The attacker can leverage this technique to:
- Access resources that should be served by different backends
- Bypass path-based access control lists
- Potentially expose sensitive application data or administrative interfaces
- Circumvent security policies that rely on file extension-based routing
The vulnerability affects the URI path parsing mechanism in HAProxy. When a path_end rule is configured to match requests ending in a specific extension like .png, an attacker can append #.png to any request path. HAProxy may interpret this as matching the rule, even though the actual requested resource has a different extension. See the HAProxy Commit Update for technical details on the fix.
Detection Methods for CVE-2023-45539
Indicators of Compromise
- HTTP access logs showing requests with # characters in URI paths
- Unusual routing of requests to backend servers not matching the expected file extensions
- Access attempts to sensitive resources with appended fragment-like patterns (e.g., file.php#.png)

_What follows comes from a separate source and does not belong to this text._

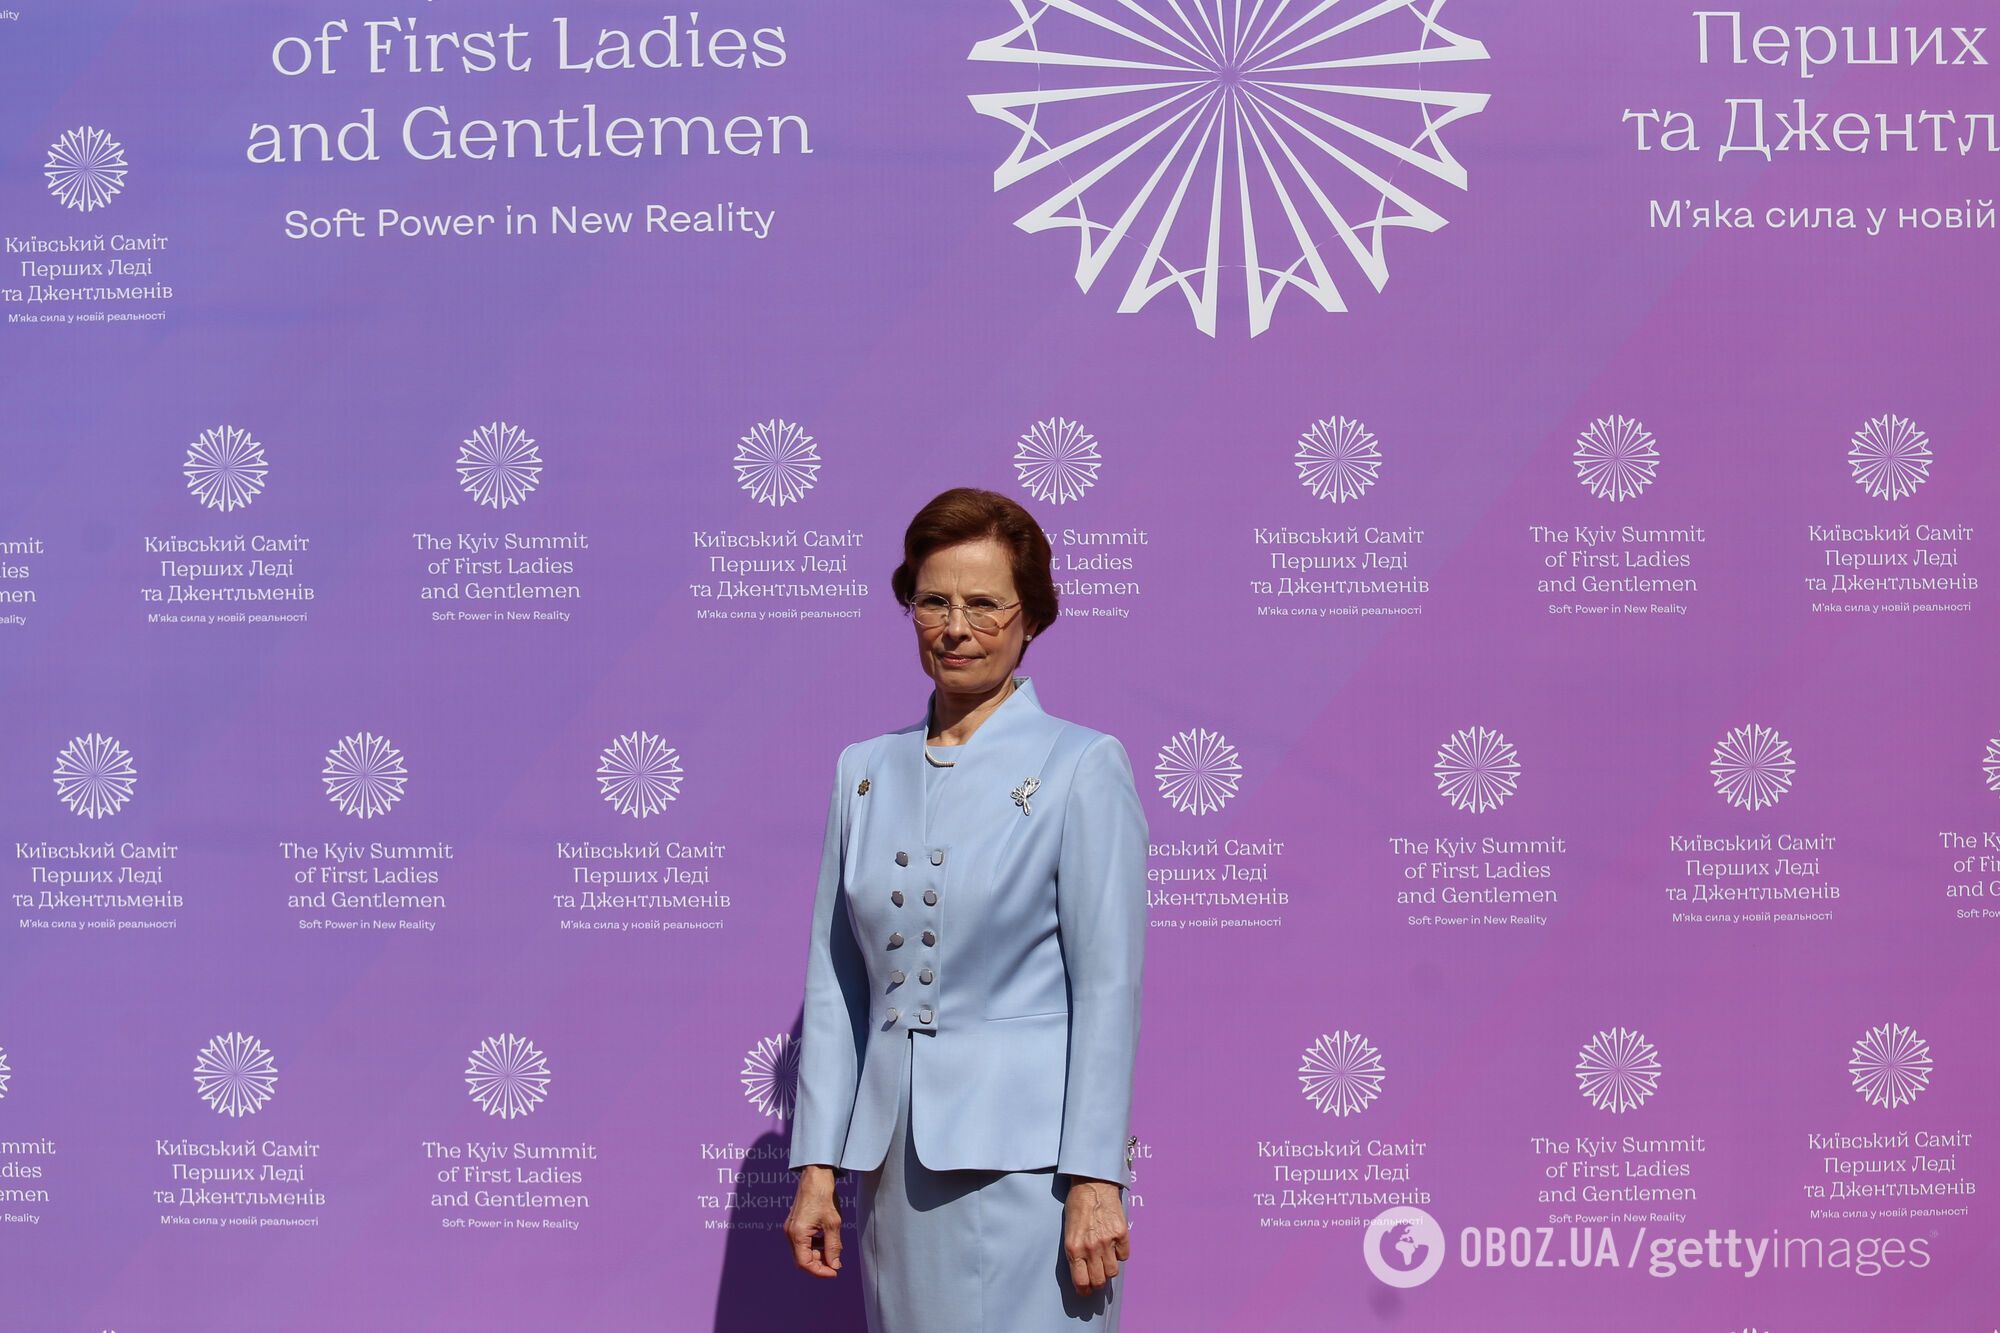 Жена главы Латвии сразу выразила солидарность
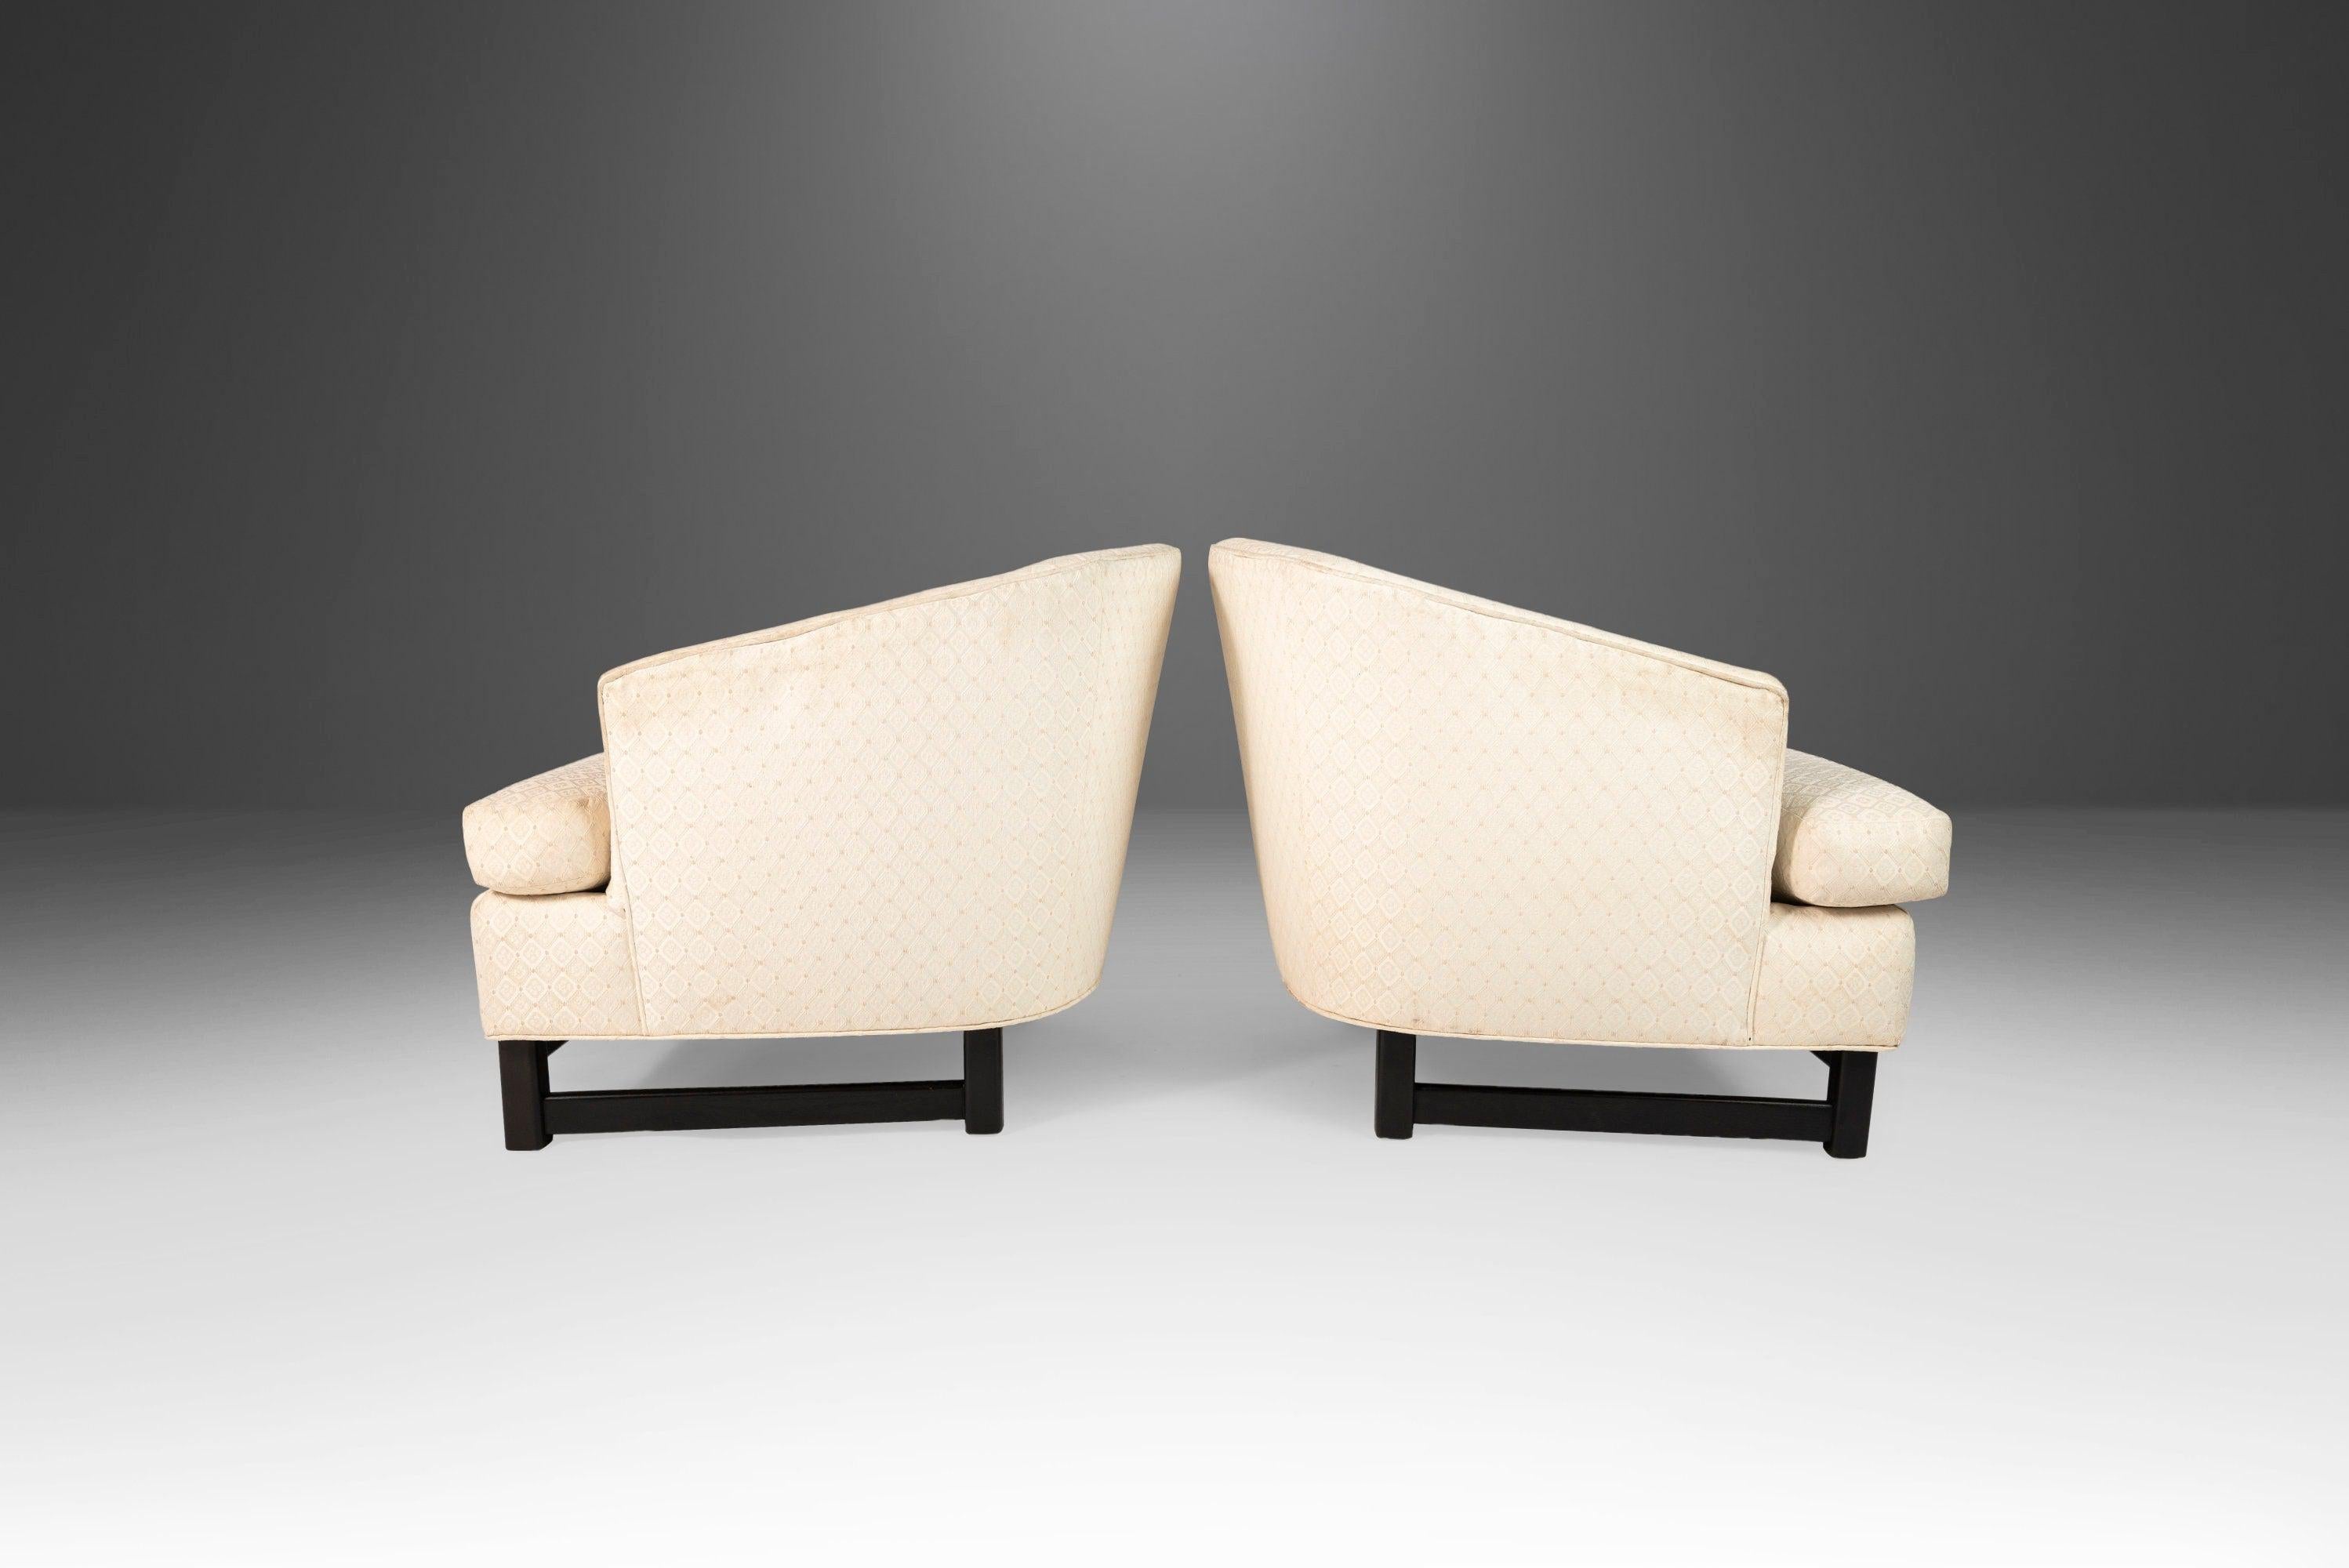 Attention aux designers ! Cet ensemble de fauteuils, d'après Edward Wormley pour Dunbar, est aussi élégant que confortable. La tapisserie d'origine montre des signes d'usure, ce qui fait de cet ensemble un candidat idéal pour un nouveau rembourrage

- Backend servers receiving requests that should have been filtered by path-based ACLs
Detection Strategies
- Monitor HAProxy access logs for URI patterns containing # followed by file extensions
- Implement log analysis rules to detect requests where the apparent extension differs from the routing destination
- Deploy web application firewalls (WAF) to flag or block requests with suspicious URI fragment patterns
- Review HAProxy configurations for path_end rules that may be vulnerable to bypass
Monitoring Recommendations
- Enable detailed logging in HAProxy to capture full request URIs including special characters
- Set up alerts for anomalous backend routing decisions that don't match expected patterns
- Implement periodic audits of HAProxy ACL rule effectiveness using test requests
- Monitor for reconnaissance activity that may indicate attackers probing for this vulnerability
How to Mitigate CVE-2023-45539
Immediate Actions Required
- Upgrade HAProxy to version 2.8.2 or later immediately
- Review all path_end and similar path-based ACL rules in HAProxy configurations
- Audit access logs for potential exploitation attempts prior to patching
- Consider implementing additional input validation at the application layer as defense-in-depth
Patch Information
HAProxy has addressed this vulnerability in version 2.8.2. The fix properly handles the # character in URI parsing to prevent ACL bypass. Organizations should update to the latest HAProxy version available for their deployment. Debian users should refer to the Debian LTS Announcement for package updates. Additional technical context is available in the HAProxy Mailing List Discussion and the W3C HTTP Working Group Minutes.
Workarounds
- Implement URL normalization at the load balancer or WAF level to strip or reject URIs containing # characters
- Add explicit ACL rules to deny requests containing # in the path before routing evaluation
- Use path_reg with strict regular expressions instead of path_end for critical routing decisions
- Deploy backend application-level validation to enforce expected request patterns
# HAProxy configuration workaround - reject requests with # in URI
acl uri_has_fragment path_sub #
http-request deny if uri_has_fragment
Disclaimer: This content was generated using AI. While we strive for accuracy, please verify critical information with official sources.